Setting the (temperature) record straight in the Northwest Territories
The hottest days on record in the N.W.T. are not the official hottest days on record
It was hot at the end of June throughout much of the Northwest Territories, but no all-time, territory-wide weather records were broken, at least not officially.
During that heatwave a temperature sensor at the Fort Smith airport recorded 39.9 C.
That June 30 temperature could have been a record for the N.W.T., but it's not been made official because it's based on data from the wrong temperature sensor.
The official hottest day registered in the Northwest Territories remains 39.5 C in Deline on Thursday, August 6, 2015. That Deline record broke the previous record of 39.4 C recorded in Fort Smith on July 18, 1941, something that has escaped notice on some fronts.
Whaddya mean 'wrong temperature sensor'?
Fort Smith has two weather stations. There's an Environment Canada climate station — built and maintained to exacting World Meteorological Organization standards — and a NAV Canada temperature sensor at the Fort Smith airport that isn't.
The Environment Canada sensor generally provides official temperature records, but it was preoccupied on June 30.
Sara Hoffman, a meteorologist with Environment and Climate Change Canada in Edmonton, told CBC that it had gone into a routine diagnostic self-check late that afternoon. The good news is that the sensor works fine. The bad news is that it didn't record the temperature during the hottest part of the day.
"So ... at this time, we don't have an official value or daytime high for June 30, 2021," Hoffman said.
"What we can do is use the NAV Canada site as an estimate of the daytime high ... but that estimated value would not go into records or establish a record for the territory."
The 39.9 C recorded at the Fort Smith airport is also the temperature reported in Environment Canada's historical weather data online, but with the caveat that it's based on incomplete data.
The Environment Canada climate station for Fort Smith did record 38.6 C on June 30, but that's not official either because of the self-diagnostic routine that turned the sensor off.
"Because the data is missing an hour, we unfortunately have to go through a process of quality control to see whether or not we can accept the data before it will make its way into our database," Hoffman said.
Hotter day that doesn't count
Unofficially, it's been hotter in the territory — on July 20, 2002, a volunteer-run weather station at Rampart River recorded 40.6 C. This would have been the hottest day ever recorded in the N.W.T, but Environment Canada quality control experts had concerns.
"They were unable to unequivocally rule it [the recording] out, but they couldn't find data to corroborate it," Hoffman said. "We can't say that's an official record."
So officially, and for the record, the N.W.T. hot weather records are: Deline with 39.5 C on Aug. 6, 2015; Fort Smith with 39.4 C on July 18, 1941; and Fort Simpson, with 38.8 C on July 9, 2010.
But unofficially, temperatures hit 40.6 C at Rampart River in 2002, and on June 30 in Fort Smith it was 39.9 C.
So it was hot, what's the big deal?
Those high temperatures in Fort Smith were unusual for June.
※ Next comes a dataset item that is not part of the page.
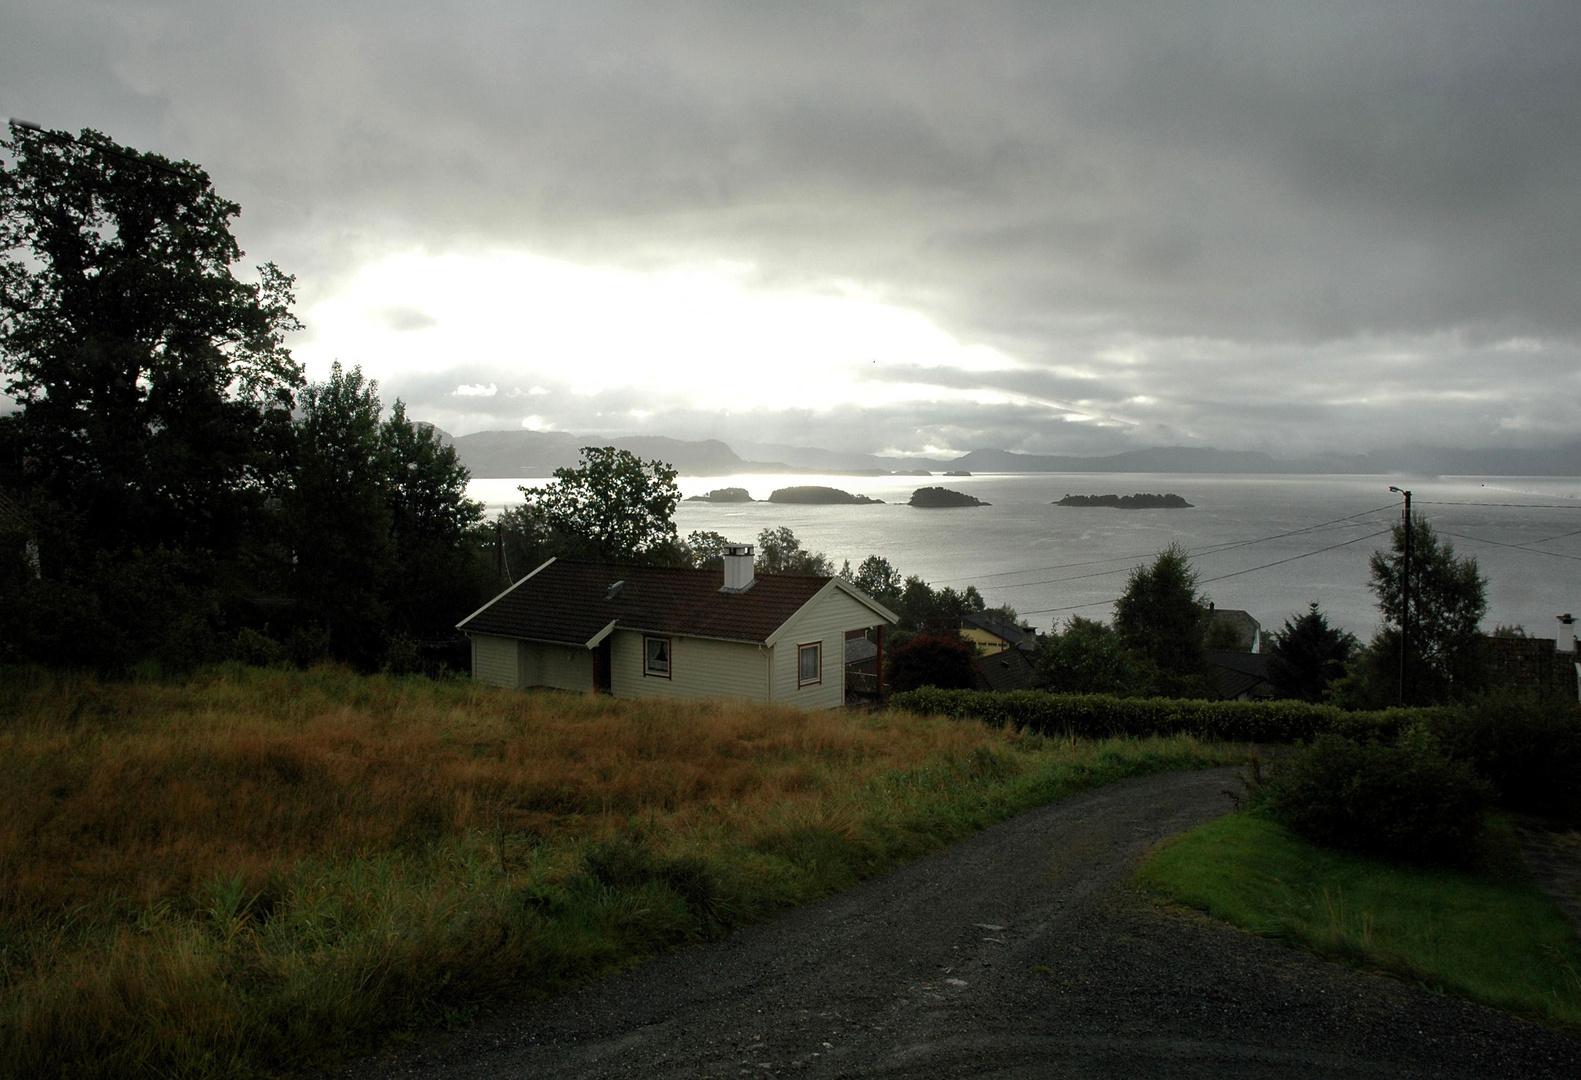 Stimmungsvoller Hardanger Fjord (Norwegen) 2005

The average temperature for June 30 is 23 C. That makes temperatures pushing 40 degrees on that day an anomaly. And it surpasses the previous high for the day by several degrees.
"The previous record for June 30 in Fort Smith was 31.7 C and that was set in 1955," Hoffman said.
The heatwave that hit the southern part of the territory was part of the widely reported heat dome now considered a one in 1,000-year event. Hoffman said scientific consensus blames human-caused climate change for the intensity of the heat.
"I can't think of a single other event where we've been able to say, 'The intensity of this event would not have been at this level had it not been for climate change,'" Hoffman said.